The exact call traces do differ, but they all match up to tcp_v4_rcv.

Change 379498 had a related patch set uploaded (by Ema; owner: Ema):
[operations/dns@master] Repool text@ulsfo

https://gerrit.wikimedia.org/r/379498

Change 379498 merged by Ema:
[operations/dns@master] Repool text@ulsfo

https://gerrit.wikimedia.org/r/379498

Recoveries of whatever the hell is happening in ulsfo:

04:26 <+icinga-wm> RECOVERY - Juniper alarms on asw-ulsfo is OK: JNX_ALARMS OK - 0 red alarms, 0 yellow alarms
04:28 <+icinga-wm> RECOVERY - Host cp4007 is UP: PING OK - Packet loss = 0%, RTA = 78.60 ms
04:30 <+icinga-wm> RECOVERY - Host ripe-atlas-ulsfo IPv6 is UP: PING OK - Packet loss = 0%, RTA = 78.69 ms
04:30 <+icinga-wm> RECOVERY - Host ripe-atlas-ulsfo is UP: PING OK - Packet loss = 0%, RTA = 78.67 ms
04:30 <+icinga-wm> RECOVERY - Host cp4007.mgmt is UP: PING OK - Packet loss = 0%, RTA = 79.19 ms

asw-ulsfo losing PEM 1, plus ripe-atlas dying is indicative of one of our two power feeds failing; cp4007 has a failed secondary PSU and is why it was also affected:

root@cp4007:~# /usr/local/lib/nagios/plugins/check_ipmi_sensor -T Power_Supply -T Temperature --nosel
Sensor Type(s) Power_Supply, Temperature Status: Critical [PS Redundancy = Critical] | 'Inlet Temp'=20.00;3.00:42.00;-7.00:47.00 'Exhaust Temp'=41.00;8.00:70.00;3.00:75.00 'Temp'=63.00 'Temp'=64.00

(T109903 tracks the lack of monitoring for this type of issue :/)

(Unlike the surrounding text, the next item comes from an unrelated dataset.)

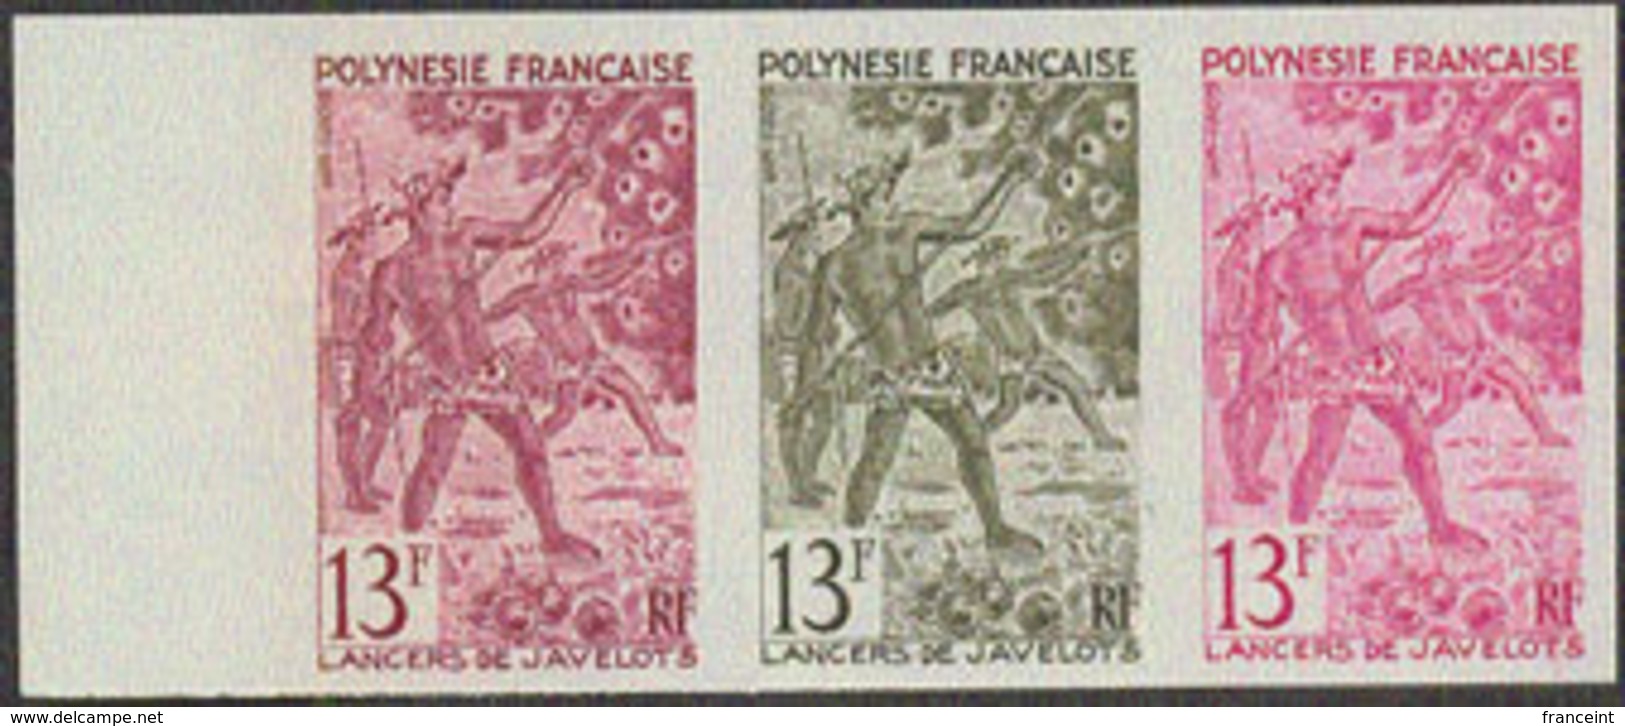 FRENCH POLYNESIA (1967) Javelin Throwing. Trial Color Proof Strip Of 3. Scott No 229, Yvert No 48. - Non Dentelés, épreuves & Variétés
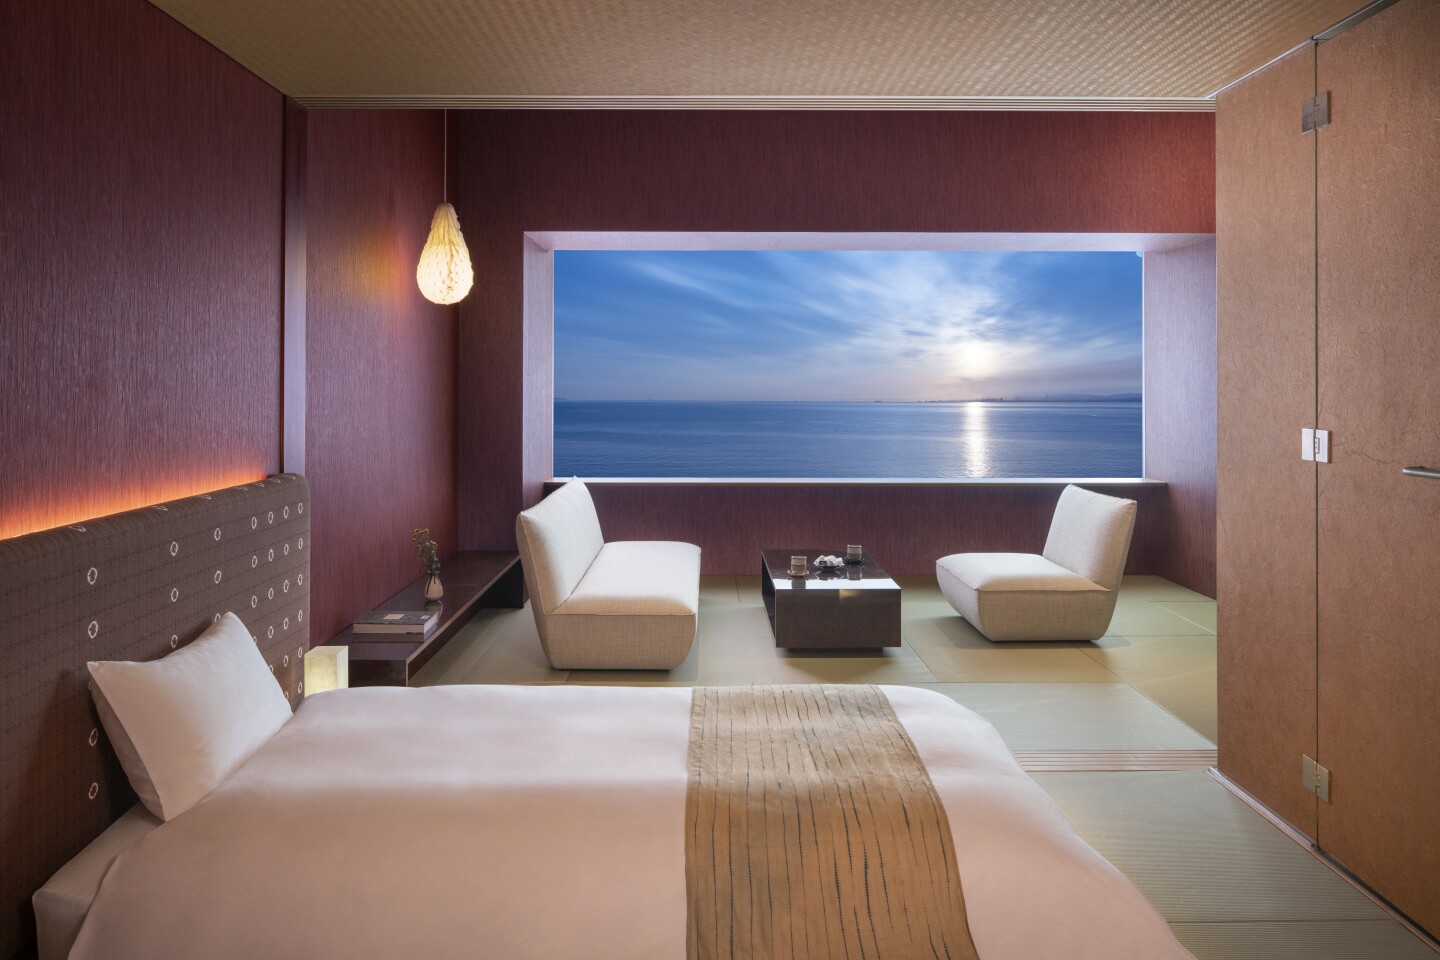 The rooms at Kai Beppu have ocean views. 星野集團於2021年開幕的「界 別府」（Kai Beppu）是位於九州島別府市的70間客房的海濱度假勝地

Confirmed from UnitedLayer email:

Assad Kermanshahi, Sep 20, 21:13 PDT

Dear WikimediaFoundation,

This is to inform you that your PDUb in cab 1.22 at 200 Paul lost power. We are at your cab and trying to restore the power and will
update you as soon as we do.

Thank you.
UnitedLayer
Assad Kermanshahi, Sep 20, 21:39 PDT

Dear Rob,

We have restored the power in your cab 1.22 b-side and all of your devises that were connected to that side up and running.

We will look into this issue and will update you tomorrow regarding the root cause of this power failure.

Thank you.
Unitedlayer

But according to the logs, the power event happened at 03:57, way after the oops'es (03:17) and traffic rampup (03:45). If it wasn't for that time difference, my theory would have been that UL moved fibers while they were fixing the PDU issue. I wonder if someone was messing with our rack between 03:17-03:57, although that communication above suggests they weren't...

BBlack claimed this task.

Nothing really to do here, except remember it if new power issues arise with the new hosts...